Detailed Description: One of the OSD storage devices is critically full. Expand the cluster immediately.
3. Prerequisites
3.1. Verify cluster access
Check the output to ensure you are in the correct context for the cluster mentioned in the alert. If not, please change context and proceed.
ocm list clusters
From the list above, find the cluster id of the cluster named in the alert. If you do not see the alerting cluster in the list above please contact: WIP
ocm get /api/clusters_mgmt/v1/clusters/<cluster id>/credentials \
| jq -r .kubeconfig
3.2. Check Alerts
MYALERTMANAGER=$(oc -n openshift-monitoring get routes/alertmanager-main --no-headers | awk '{print $2}')

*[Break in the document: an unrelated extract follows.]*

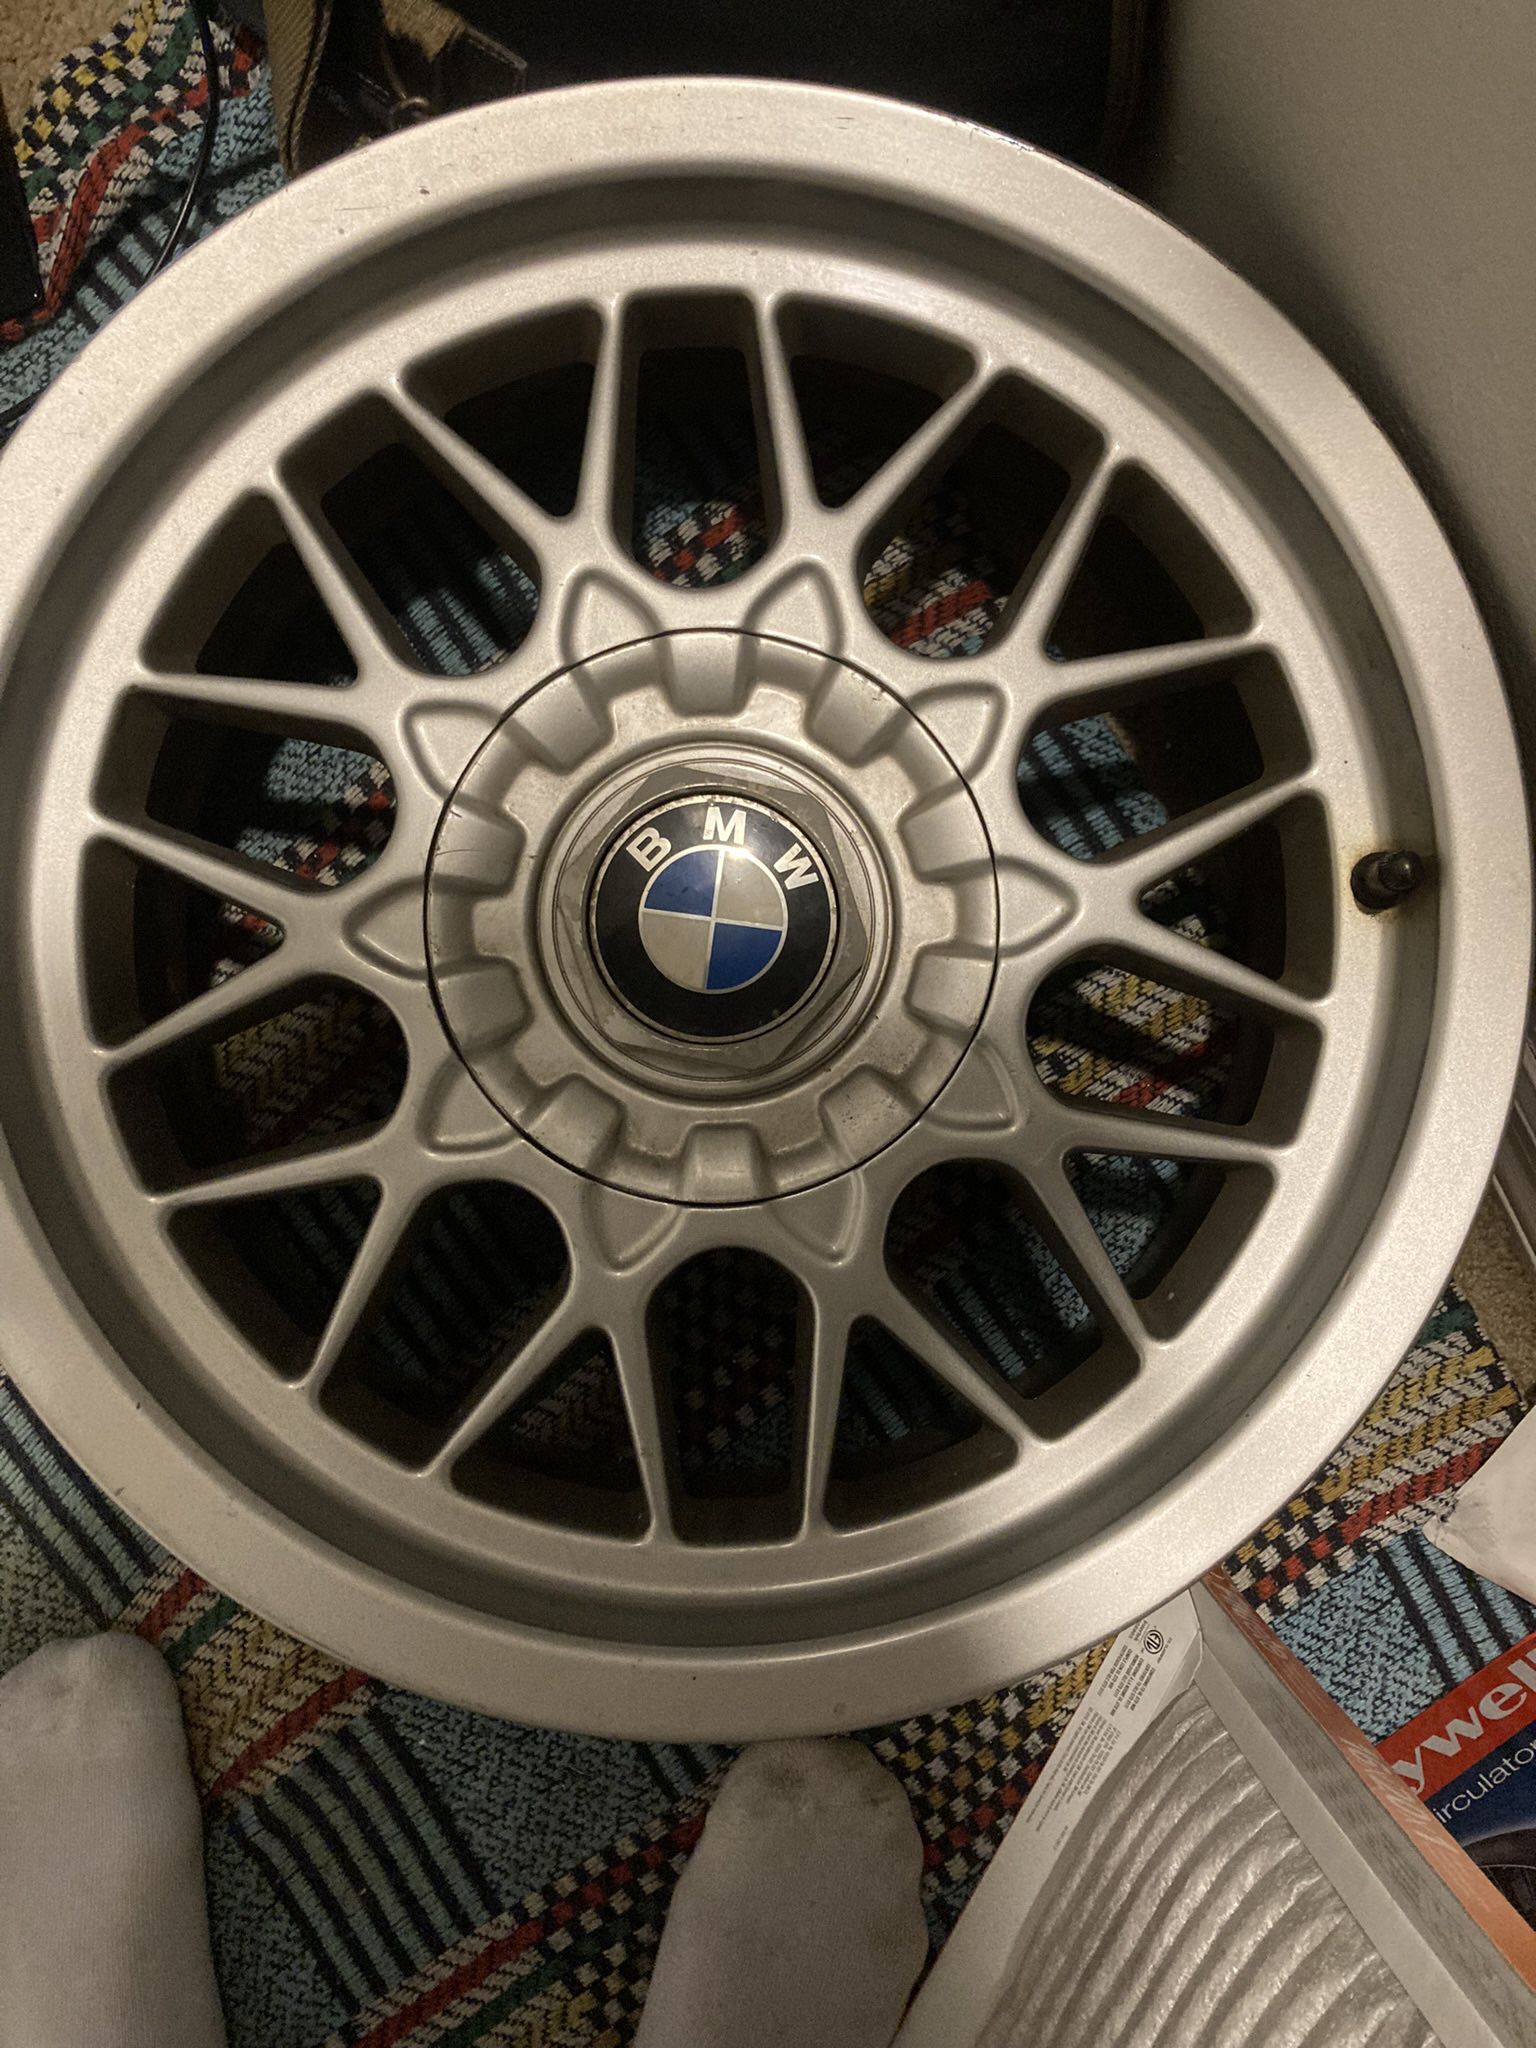 Bmw 528i bbs stock rims(only have 3 owner didn’t have all 4)

WIP: Separate prometheus stack. Verify route.
curl -k -H "Authorization: Bearer $(oc -n openshift-monitoring sa get-token prometheus-k8s)" https://${MYALERTMANAGER}/api/v1/alerts | jq '.data[] | select( .labels.alertname) | { ALERT: .labels.alertname, STATE: .status.state}'
3.3. (Optional) Document OCS Ceph Cluster Health
You may directly check OCS Ceph Cluster health by using the rook-ceph toolbox. .Check and document ceph cluster health:
TOOLS_POD=$(oc get pods -n openshift-storage -l app=rook-ceph-tools -o name)
oc rsh -n openshift-storage $TOOLS_POD
ceph status
ceph osd status
exit
4. Alert
4.1. Notify Customer: Make changes to solve the alert
4.1.1. Delete Data
OCS CEPH CLUSTER IS NOT IN READONLY MODE. The following instructions only apply to OCS clusters that are near or full but NOT in readonly mode. Readonly mode would prevent any changes including deleting data (i.e. PVC/PV deletions) |
The customer may delete data and the cluster will resolve the alert through self healing processes.
4.1.2. Current size < 1 TB, Expand to 4 TB
WIP: Assess ability to expand. Note, if OCS nodes are not dedicated (regular worker nodes) it is not possible to guarantee resources between the time SRE assesses and customer responds.
The customer may increase capacity via the addon and the cluster will resolve the alert through self healing processes.